Эйсид-хаус
Шрифт:
– Мне, возможно, придется работать… – нервно, заикаясь, выдавил он.
– Ну, тогда, если ты нас не повезешь, мы поедем сами! – Она жеманно улыбнулась, будто маленькая девочка: ни дать ни взять шлюшьи повадки, а она явно когда-то и была шлюхой, пока внешность позволяла.
Я, безусловно, ломился в раскрытые ворота.
Мы выпили еще и поговорили, пока все сильнее нервничающий Ричард не закрыл бар, а потом пошли в кафе немного дунуть. Планы на завтра окончательно определились; я жертвовал своей ночной жизнью ради дневных пляжных забав с Крисси и Ричардом.
На следующий день Ричард, везя нас на пляж, был очень напряженный. Любо-дорого
Впрочем, Ричард немного поквитался, когда вставил в магнитолу кассету Carpenters. Я места себе не находил, пока они с Крисси хором подпевали.
– Такая ужасная потеря – Карен Карпентер, – серьезно сказала она.
Ричард угрюмо кивнул.
– Очень жалко, правда же, Юэн? – спросила Крисси, желая включить меня в их странный мини-фестиваль скорби по поводу этой мертвой поп-звезды.

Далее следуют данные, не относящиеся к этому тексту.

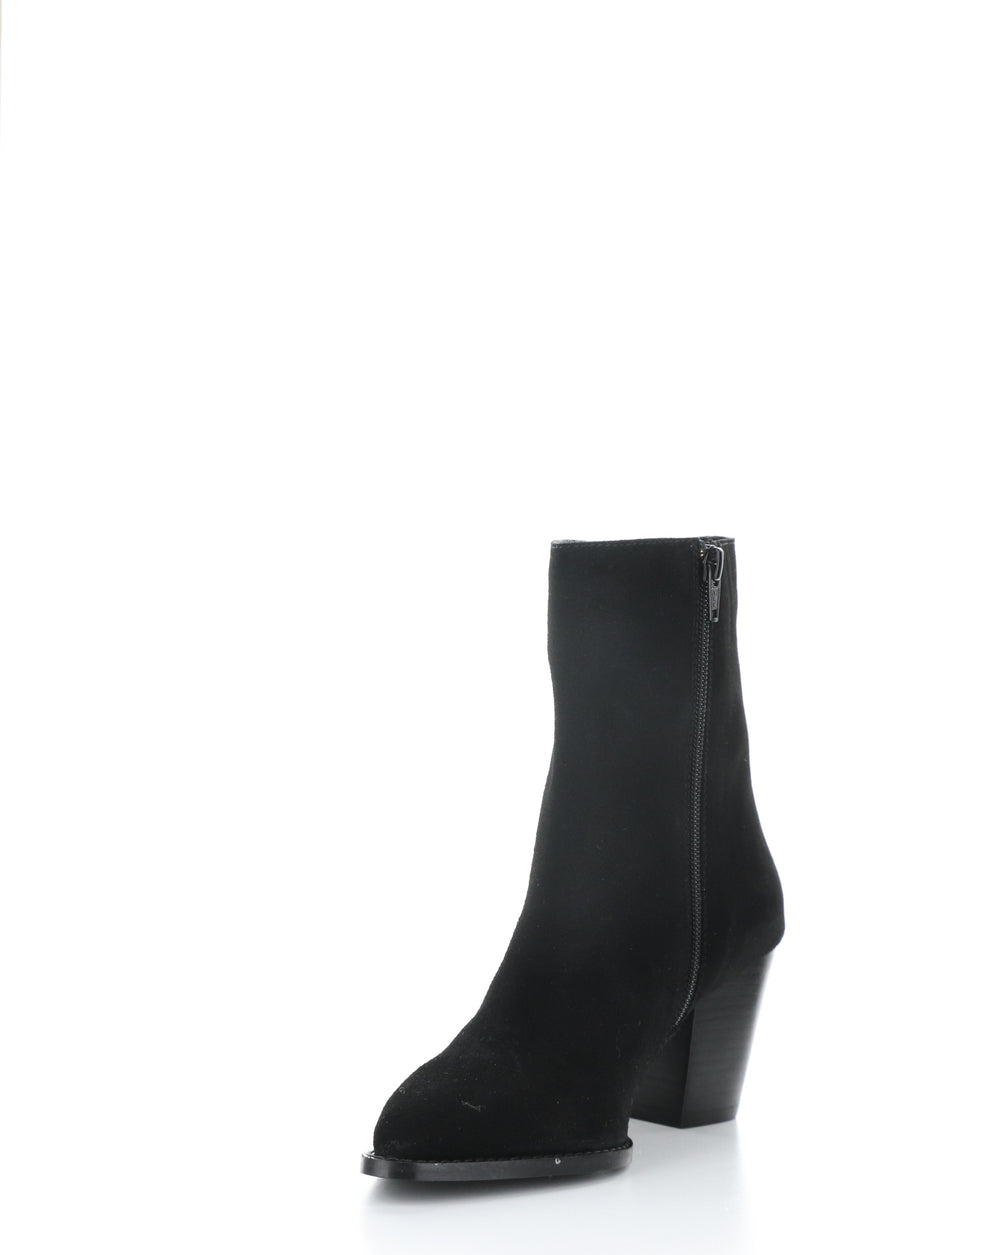 TALLON BLACK Pointed Toe Boots

Я улыбнулся – доброжелательно, с налетом похуизма:
– Мне насрать. По всему миру есть люди, которые реально голодают. Ну и почему я должен оплакивать какую-то сверхпривилегированную ебанашку-янки, которая так ебанулась, что не могла даже ложку жратвы до собственного рта донести?
Последовало удивленное молчание. Наконец Крисси заныла:
– У тебя гадкий, циничный ум, Юэн!
Ричард чистосердечно согласился, не в силах скрыть удовольствия от того, что я ее расстроил. Он даже стал подпевать песенке «Top of the World» [3] . После этого они с Крисси принялись болтать на голландском и хихикать.

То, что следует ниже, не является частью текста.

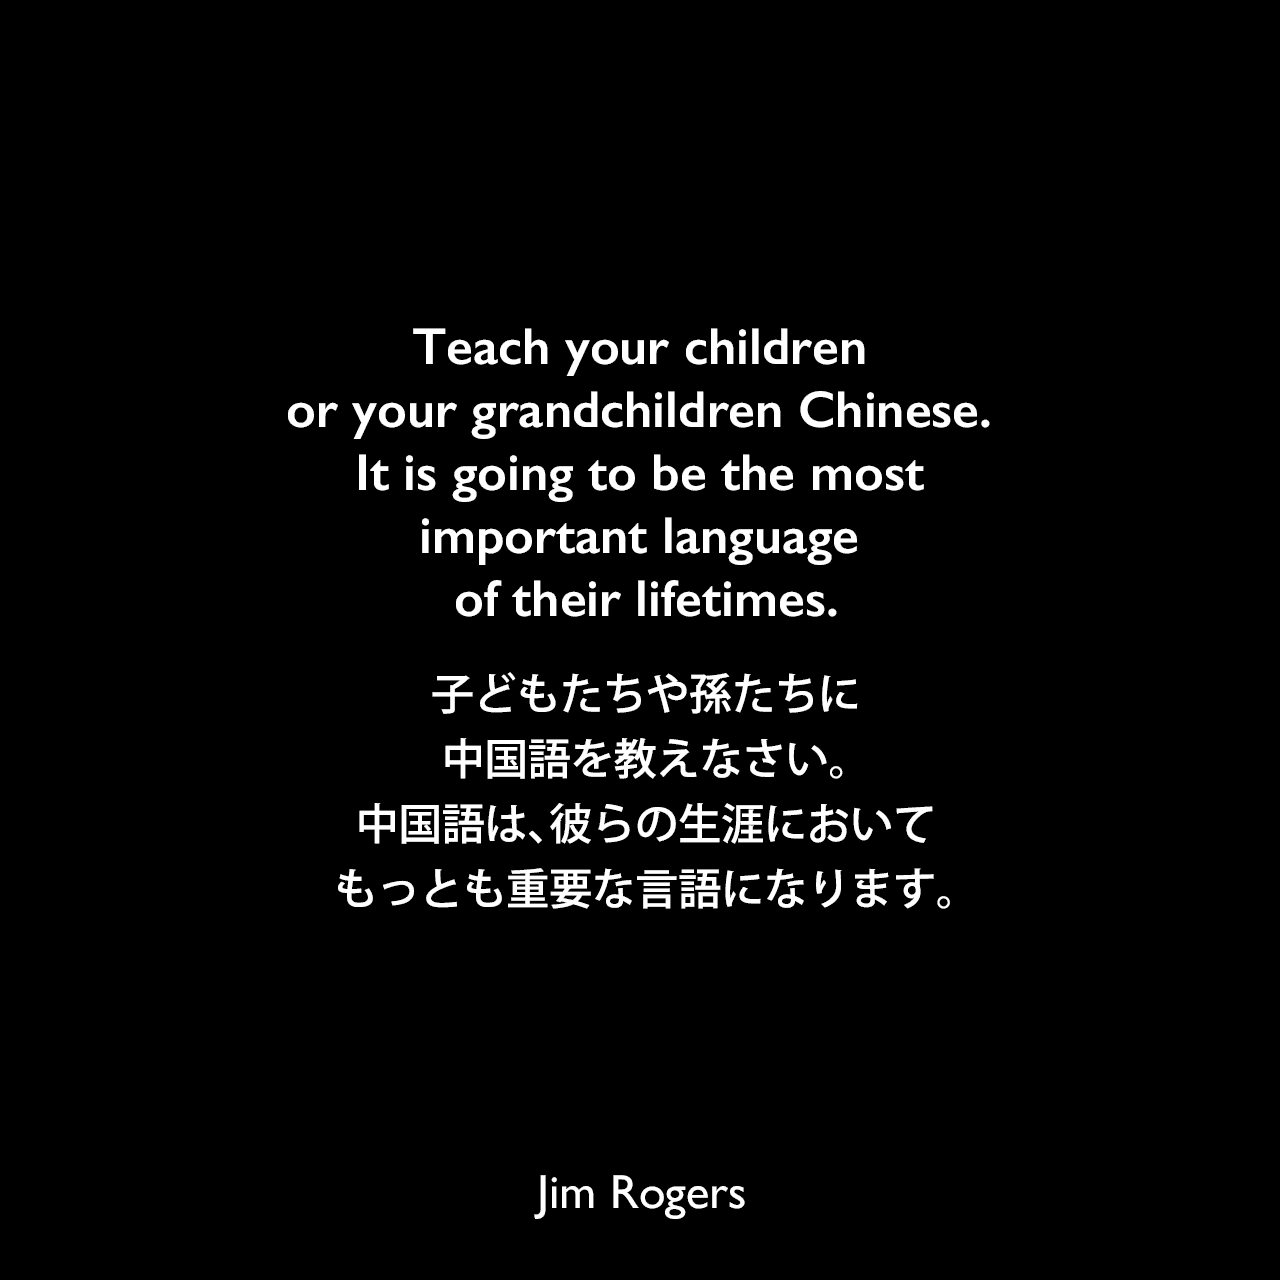 Teach your children or your grandchildren Chinese. It is going to be the most important language of their lifetimes.子どもたちや孫たちに中国語を教えなさい。中国語は、彼らの生涯においてもっとも重要な言語になります。《参照：A Bull in China: Investing Profitably in the World's Greatest Market(2007)》Jim Rogers

Меня не волновало это временное отлучение. По правде говоря, я наслаждался их реакцией. Ричард попросту не понимал таких людей, как Крисси. Я чувствовал, что ее привлекают уродство и цинизм, поскольку она считает себя способной изменить людей. Во мне она видела вызов. Раболепное ухаживание Ричарда иногда забавляло ее, но все же он, пресный и скучный, был подобен коротким каникулам, а не чему-то постоянному. Пытаясь стать таким, каким, по его мнению, она хочет его видеть, он не оставил ей ничего для изменения, не давая удовлетвориться действительно сильным влиянием на отношения друг с другом. А покамест она будет держать этого дурака рядом на привязи, чтобы потакал ее безграничному тщеславию.
3
«Вершина мира» (англ.).
Мы лежали на песке. Мы кидали друг другу мяч. Это было некоей карикатурой на то, что люди делают на пляже. Мне стало неуютно от всей ситуации, да и от жары, и я пошел полежать в теньке. Ричард бегал вокруг в своих обрезанных джинсах; загорелый и атлетичный, несмотря на слегка вздутый живот. Крисси выглядела неприлично дряблой.
Когда она пошла за мороженым, впервые оставив меня с Ричардом наедине, я немного занервничал.
– Она изумительна, правда же! – с восторгом заявил он, и я неохотно улыбнулся. – Крисси через многое прошла.
– Да, – признал я. Это я уже и сам понял.
– Я к ней отношусь совсем не так, как к другим женщинам. Я давно с ней знаком. Иногда мне кажется, что ее надо защищать от нее самой.
– Это слишком концептуально для меня, Ричард.
– Ты знаешь, о чем я. Ты носишь длинные рукава.
Моя нижняя губа искривилась в инстинктивной обиде. Детская, абсолютно нечестная ответная реакция кого-то, кто на самом деле не обижен, но делает вид, что обиделся, дабы оправдать будущую агрессию или заставить собеседника взять свои слова назад. Для меня такое поведение было вторым «я». Пусть Ричард тешится иллюзией власти надо мной; полагая, будто выяснил обо мне все, он станет дерзким и потому неосторожным. А я подловлю момент и вырву у него сердце. Не такая уж сложная мишень – рубаха-парень, душа нараспашку. Во всей этой ситуации мои с Ричардом отношения были даже важнее отношений между мной и Крисси – в каком-то смысле она была лишь полем нашей с Ричардом битвы. Естественная антипатия, возникшая при первой же встрече, прошла тепличный период в парнике дальнейшего контакта. За поразительно короткое время она распустилась в полноценную ненависть.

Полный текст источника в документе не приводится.